長期のイマチニブ投与により高リスクGIST患者の生存期間が延長される（Abstract No.LBA1）

イマチニブを用いたエクステンディドアジュバント療法は高リスク消化管間質腫瘍患者の生存期間を改善する

Extended adjuvant therapy with imatinib improves survival for patients with high-risk gastrointestinal stromal tumors

2011年ASCOで発表された前向き無作為化多施設Phase IIIトライアルの結果、高リスク消化管間質腫瘍（GIST）術後3年間のイマチニブ治療により1年間のイマチニブ治療と比較し、全生存期間および無再発生存期間の改善が示された。このスタディにおいて再発リスクの高いGIST患者400人が術後1年または3年間のイマチニブ投与を受ける群に無作為に割り付けられた。フォローアップ期間中央値54ヵ月後の5年無再発生存期間は1年治療群（47.9%）と比較し3年治療群（65.6%）で高かった。同様に、5年生存率もアジュバントイマチニブ療法による1年治療群と比較し3年治療群において高かった。イマチニブの忍容性は全般的に良好であり多くの副作用はこの薬剤を投与された患者において典型的に認められるものであった。しかし、1年治療群患者の7.7%および3年治療群の13.7%が副作用のために治療を中断した。このスタディ結果から、3年間にわたる治療コースが再発リスクの高いGIST患者の新たな標準治療となりつつある。

A prospective, randomized, multicenter, Phase III trial showed that three years of treatment with imatinib (Gleevec) after surgery in patients with high-risk gastrointestinal stromal tumors (GIST) improved overall and recurrence-free survival compared to one year of treatment. The findings could result in the three-year course of therapy becoming the new standard of care for those patients who are at risk for relapse.

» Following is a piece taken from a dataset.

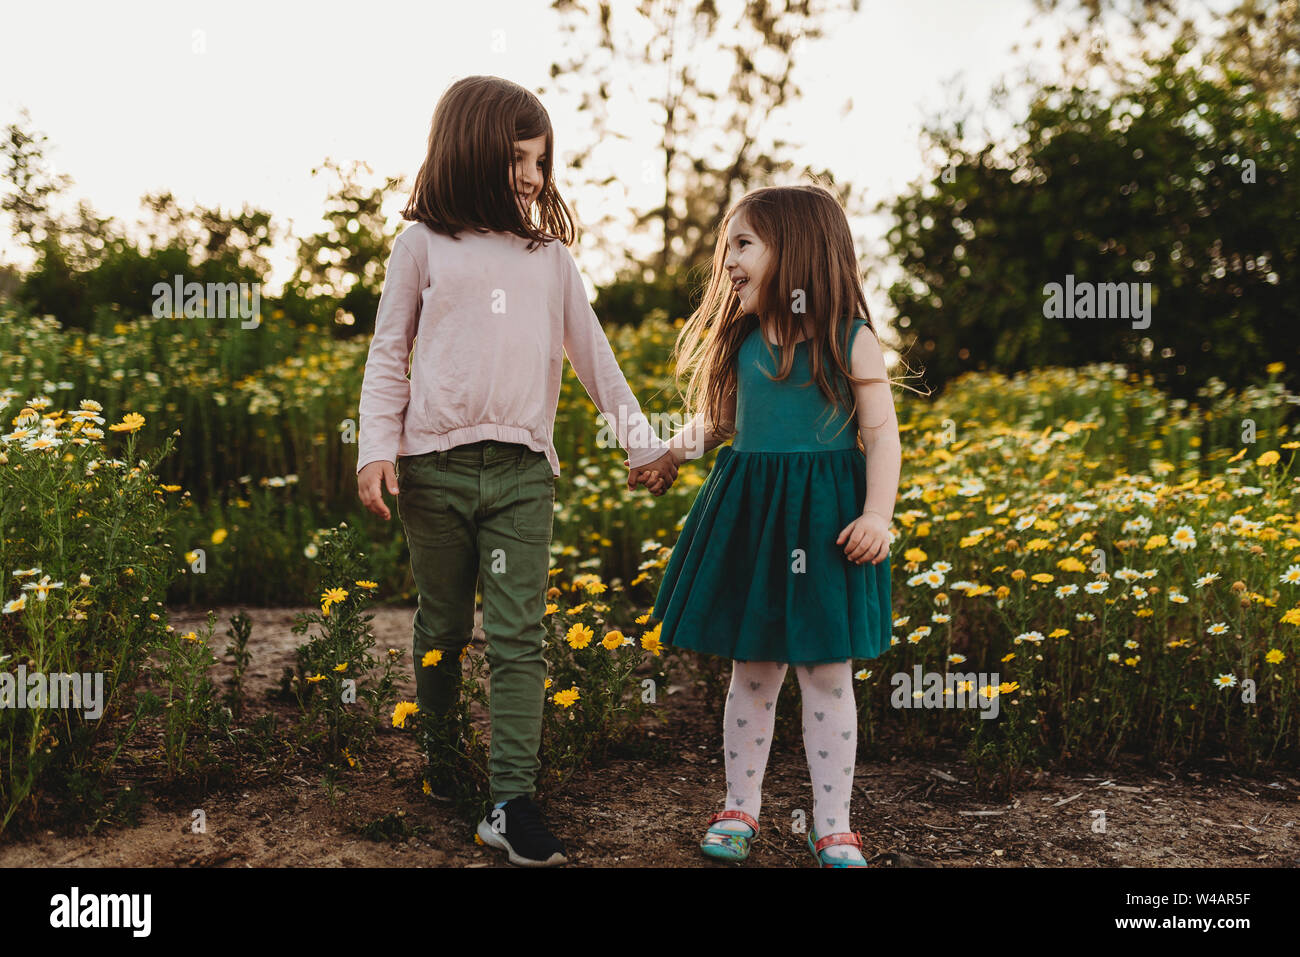 Smiling sisters walking through a field of flowers in spring Stock Photo

"Earlier studies have shown an improvement in recurrence-free survival with one year of adjuvant imatinib treatment, but we were surprised to also see better numbers with overall survival after three years of therapy," said lead author Heikki Joensuu, M.D., professor of oncology at Helsinki University Central Hospital in Helsinki, Finland. "This might be the first example of long-term adjuvant therapy with a targeted small molecule tyrosine kinase inhibitor, and it's likely to become standard treatment."

GIST tumors, which usually begin in the stomach or intestine, are a type of soft-tissue sarcoma. Imatinib targets the abnormal proteins encoded by mutated KIT and PDGFR-alpha genes, which are found in approximately 90 percent of GIST. One year of imatinib is now considered the standard adjuvant treatment for operable GIST. Approximately 85 percent of patients who have advanced GIST respond to imatinib, with partial remission or stable disease lasting a median of two years.

In the study 400 patients with GIST who were at high risk for recurrence were randomized to either one or three years of imatinib after surgery. After a median follow up time of 54 months, the investigators found that five-year recurrence-free survival was higher in the three-year group (65.6 percent) compared to patients treated for one year (47.9 percent). Similarly, the five-year overall survival for the three-year group was higher - 92.0 percent - compared to 81.7 percent of patients who received adjuvant imatinib for only one year.

Imatinib was generally well tolerated and the majority of side effects were typical of patients receiving the drug: anemia, fatigue, nausea, diarrhea and muscle cramps. However, 7.7 percent of the patients in the one-year group and 13.7 percent of the patients who received three years of adjuvant therapy halted treatment because of adverse events.

Few patients developed resistance to adjuvant imatinib, which is in line with previous studies. Only 2 percent (4) and 6.1 percent (12) of patients in the 12- and 36-month groups, respectively, stopped treatment due to GIST recurrence while receiving imatinib.

Dr. Joensuu stressed the need for continued monitoring of the trial participants, in addition to new research aimed at better identifying patients who could benefit from long-term adjuvant imatinib. Studies analyzing GIST risk factors and addressing longer treatment times with adjuvant imatinib - including a single-arm, non-randomized study examining 5-year adjuvant treatment - are currently underway.

The study was funded by Novartis, and also received academic funding.